漁業懇話会では、若手研究者の育成と漁業研究の活性化のため、優れた若手研究者を褒賞する漁業懇話会奨励賞を設けています。対象は、前年度の春季および秋季大会において口頭発表またはポスター発表を行った学生等(おおむね30歳以下)とし、発表内容は研究発表部門「1. 漁業」の細目に該当する研究内容としています。今年度は、本会委員会の委員からの推薦を受け厳正な投票を経た結果、八重樫健吾さん (M2) が 受賞者に選出されました。
氏名:
八重樫 健吾
講演題目:
状態推定技術による網漁具形状制御と流体力係数推定に関する研究(令和6年度春季大会)
受賞理由:
本研究は,網漁具の形状を光学カメラで撮影するだけで,その形状から定常流下における網漁具の流体力係数(抗力係数)を状態推定技術に適用することにより推定しようとするものである。水産工学分野では網地や綱などの抗力を高精度に見積もることは設計上極めて重要であるが,実際に運用されている漁具は水中で大変形するため,一様流れの中でもどのような流体力が各部材で作用しているのか見積もることはこれまでほとんど不可能に近かったといってよい。特に変形した網地はその微少部位ごとに形状が流れ場の中で異なるため,流体力が異なるようになり,局所的な流体力係数がどのような構造となっているのか評価することは従来の方法では不可能となっていた。そこで,本研究では,ベイズの定理を基底とする状態推定技術を用いて抗力係数を網地の形状を捉えるだけで推定するというユニークなアプローチで提案していることが評価すべき特徴となっている。状態推定技術はカルマンフィルタで代表されるようなフィルタリング手法と呼ばれており,観測データを活用しながら変動する隠れた状態値(この場合は抗力係数)を推定する技術を指しており,気象予測では積極的に導入されている技法であるが,漁業生産技術に本手法を取り入れて設計上重要なパラメータである抗力係数を推定するという研究はこれまでに例がない。漁業分野においても汎用的な手法を提案する可能性がある重要な基礎研究成果としてその独創性は高く評価できる。なお,提案手法で推定される抗力係数は観測値(この場合は漁具の形状)から物理パラメータが推定されることになるので,逐次的にその条件下で最も相応しい最適解を得るという一種の制御問題として捉えることができるため,その逆問題のように所望とする流体力となる様に漁具の形状を制御することも可能となると考えられ,その応用性は極めて高いものと考える。基盤的な研究成果として本研究の価値は高いものと評価でき,今後の展開が大いに期待される。

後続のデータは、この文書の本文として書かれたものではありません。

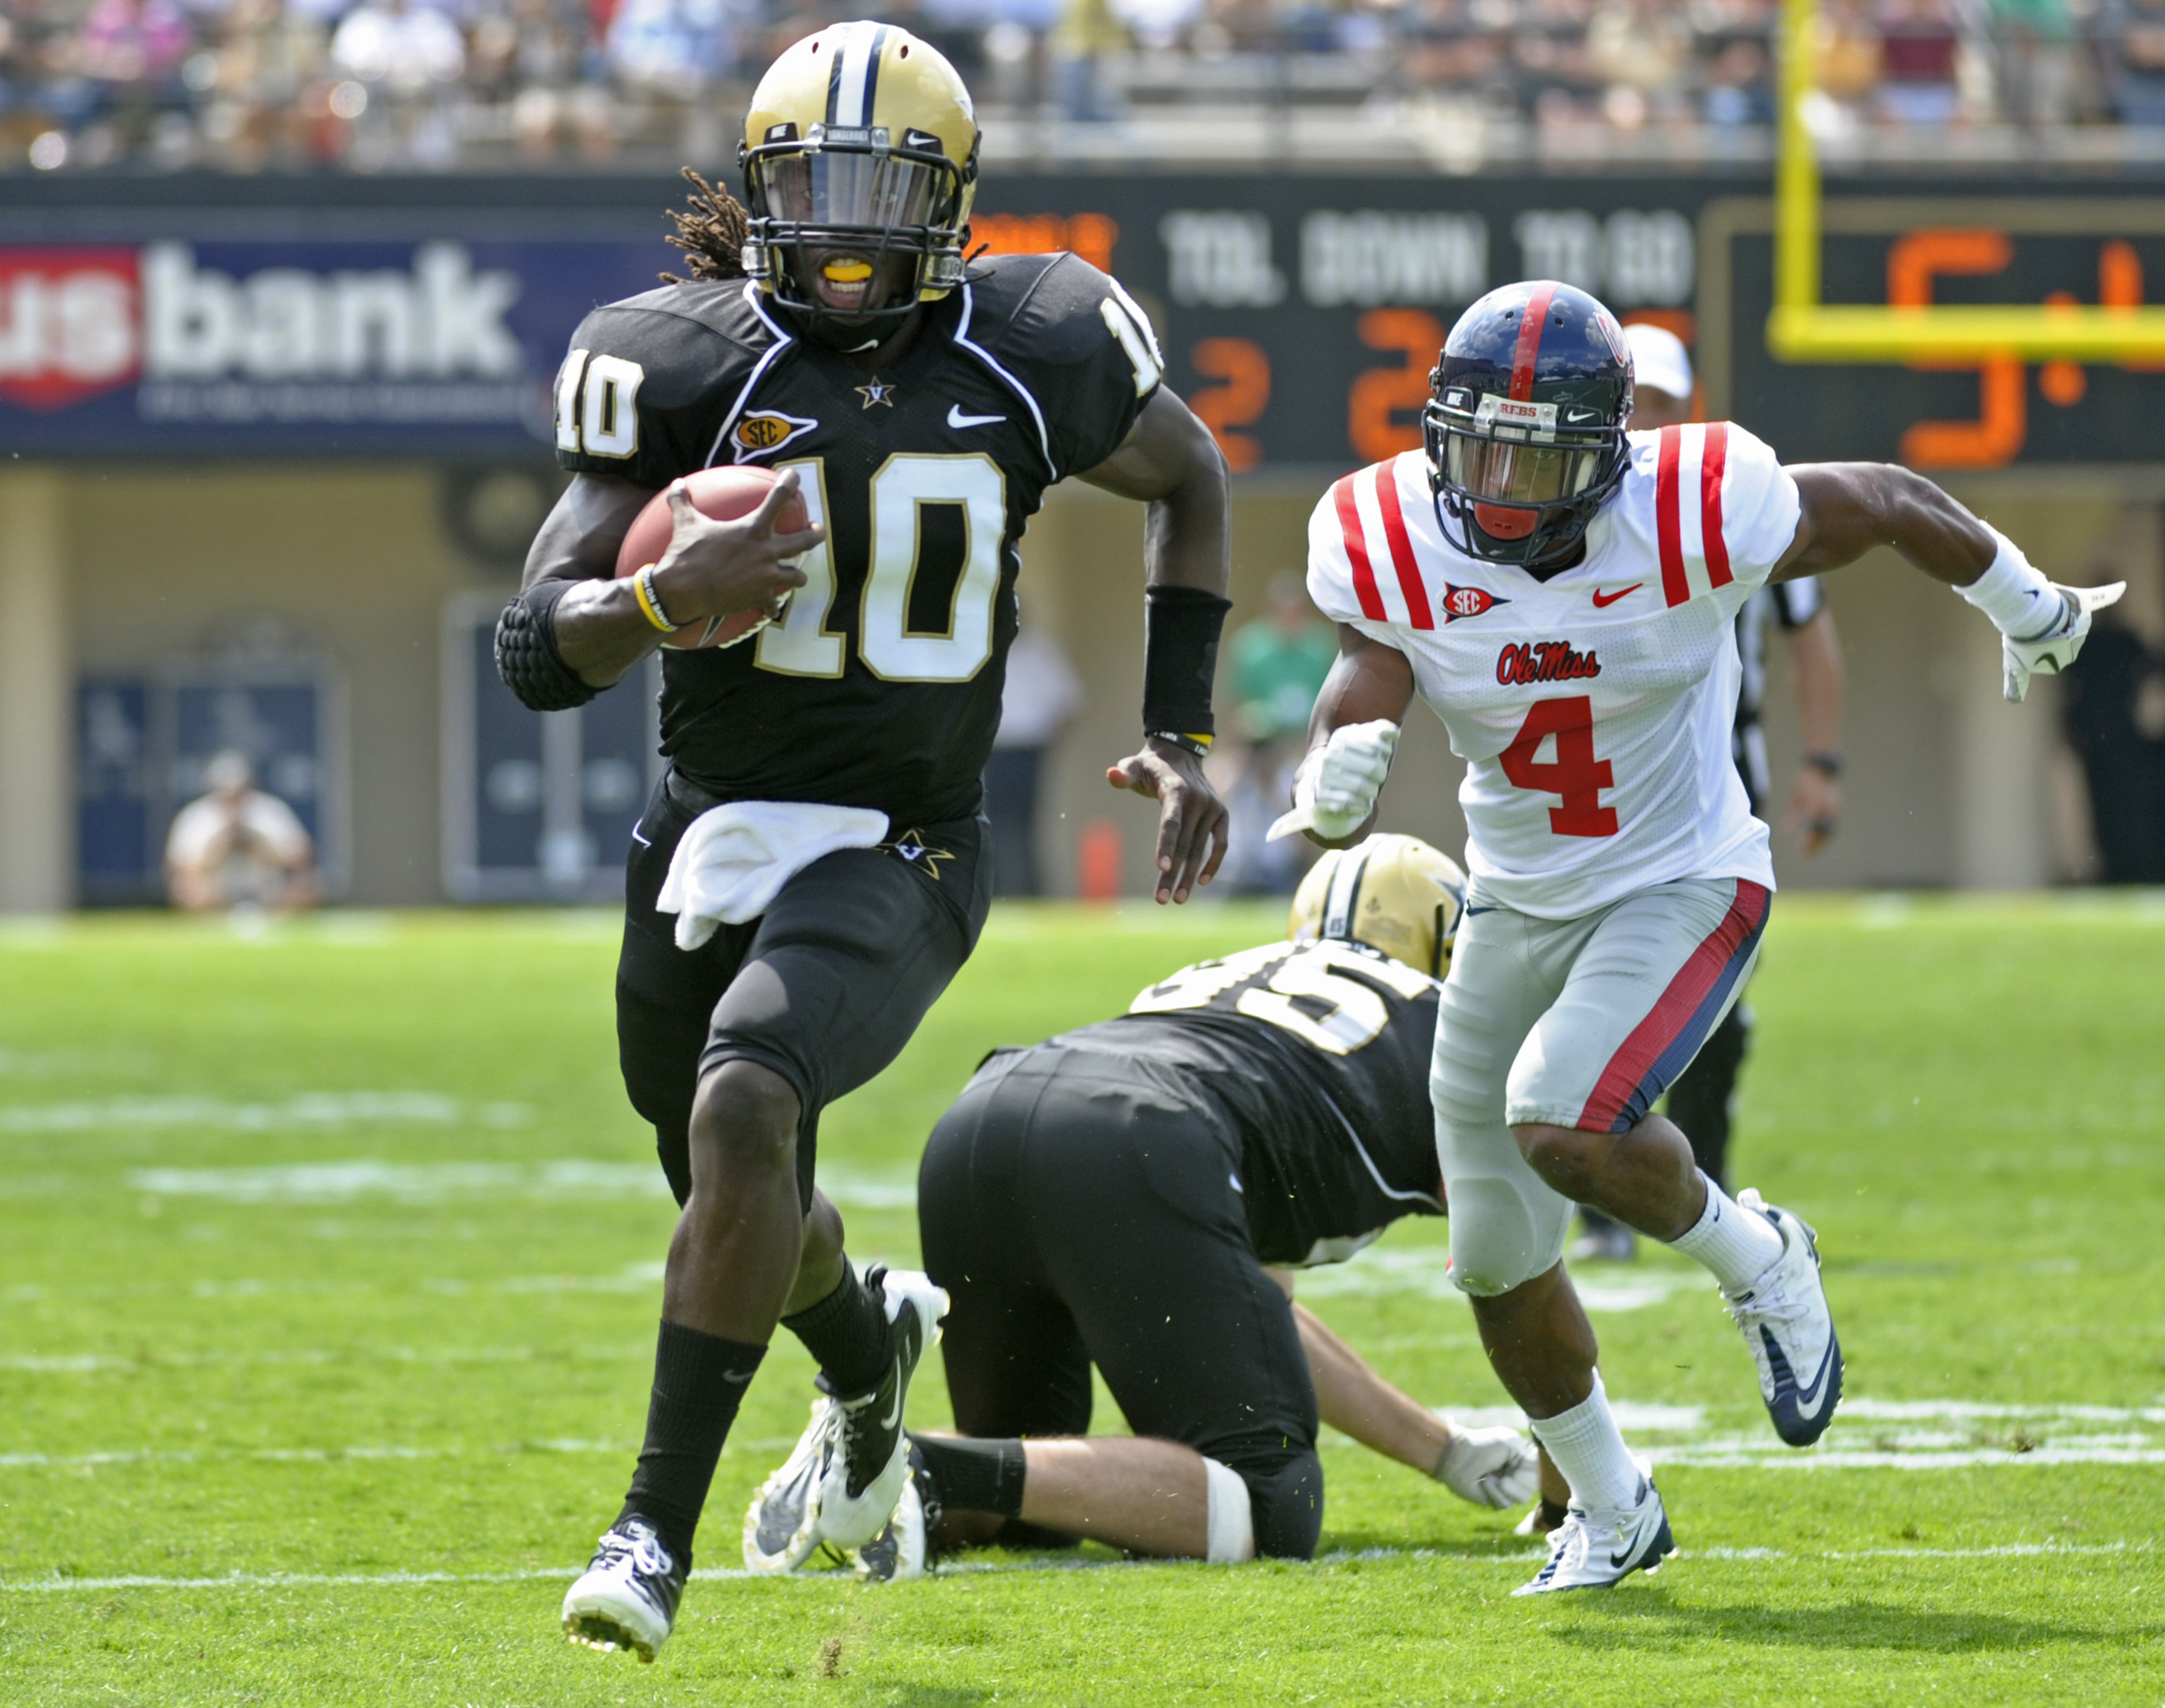 Vanderbilt Football to Announce New Uniforms for 2012 Season

https://jsfs.jp/act/commitee/jsfs-com7/gyogyokonwakai-shoreisho/
<2024.4.20>
Journal of Theoretical Biologyに掲載されました。
●尾ヒレを振らないまま流されず定位したり、他個体に追従したりする「ドラフティング」に着目。
●実際に生きた魚と翼模型を用いて魚のドラフティングを再現、魚体まわりの流れ場の解析に成功。
●魚体にかかる力が最小になるよう、流れ場に応じて最適な遊泳姿勢を選んでいた魚の機能性を解明。
北海道大学大学院水産科学院博士後期課程3年(研究当時)の江口 剛氏と同大学大学院水産科学研究院の髙木 力教授らの研究グループは、魚が尾ヒレを振らずとも推進できる「ドラフティング」についてマアジやウグイと翼模型を用いた生体実験を行い、魚が魚体まわりの流れ場の変化に伴う圧力差を利用することで魚体にかかる力を低減させるメカニズムを明らかにしました。
魚は尾ヒレを振って流体を押し出し、その反作用で推進します。ただ、例えば川の岩など構造物周辺では尾ヒレを振らず定位する様子も報告されます。これらは構造物の影となる死水域や前方の淀み域に魚が入ることで流れから受ける抗力と釣り合わせています。そのため似た個体サイズが集まる魚群内で同様の現象が起きるとは考えにくいです。
そこで本研究では魚群を想定し、魚の流線形に似た翼模型を構造物に採用しました。粒子画像流速測定法(PIV)を用いて流れ場を可視化・解析した結果、流れの剥離がほぼない状態で比較的高い流速を受ける環境下でも、翼模型近傍に生じる局所的な低圧領域を利用して魚はドラフティングを実現させていました。この仕組みは生体実験のほか、魚を再現した模型実験や数値流体力学(CFD)でも検証し、魚の能動的な遊泳姿勢の制御がなければドラフティングの維持は困難だと明らかにしています。構造物まわりの局所的な圧力差すら推進力に利用できる魚の優れた形態や、常に魚体にかかる力を最小限に留めようとする柔軟な機能性が示唆されており、魚群遊泳における遊泳時の消費エネルギー節約の仕組みを説明する一因として発展が期待できます。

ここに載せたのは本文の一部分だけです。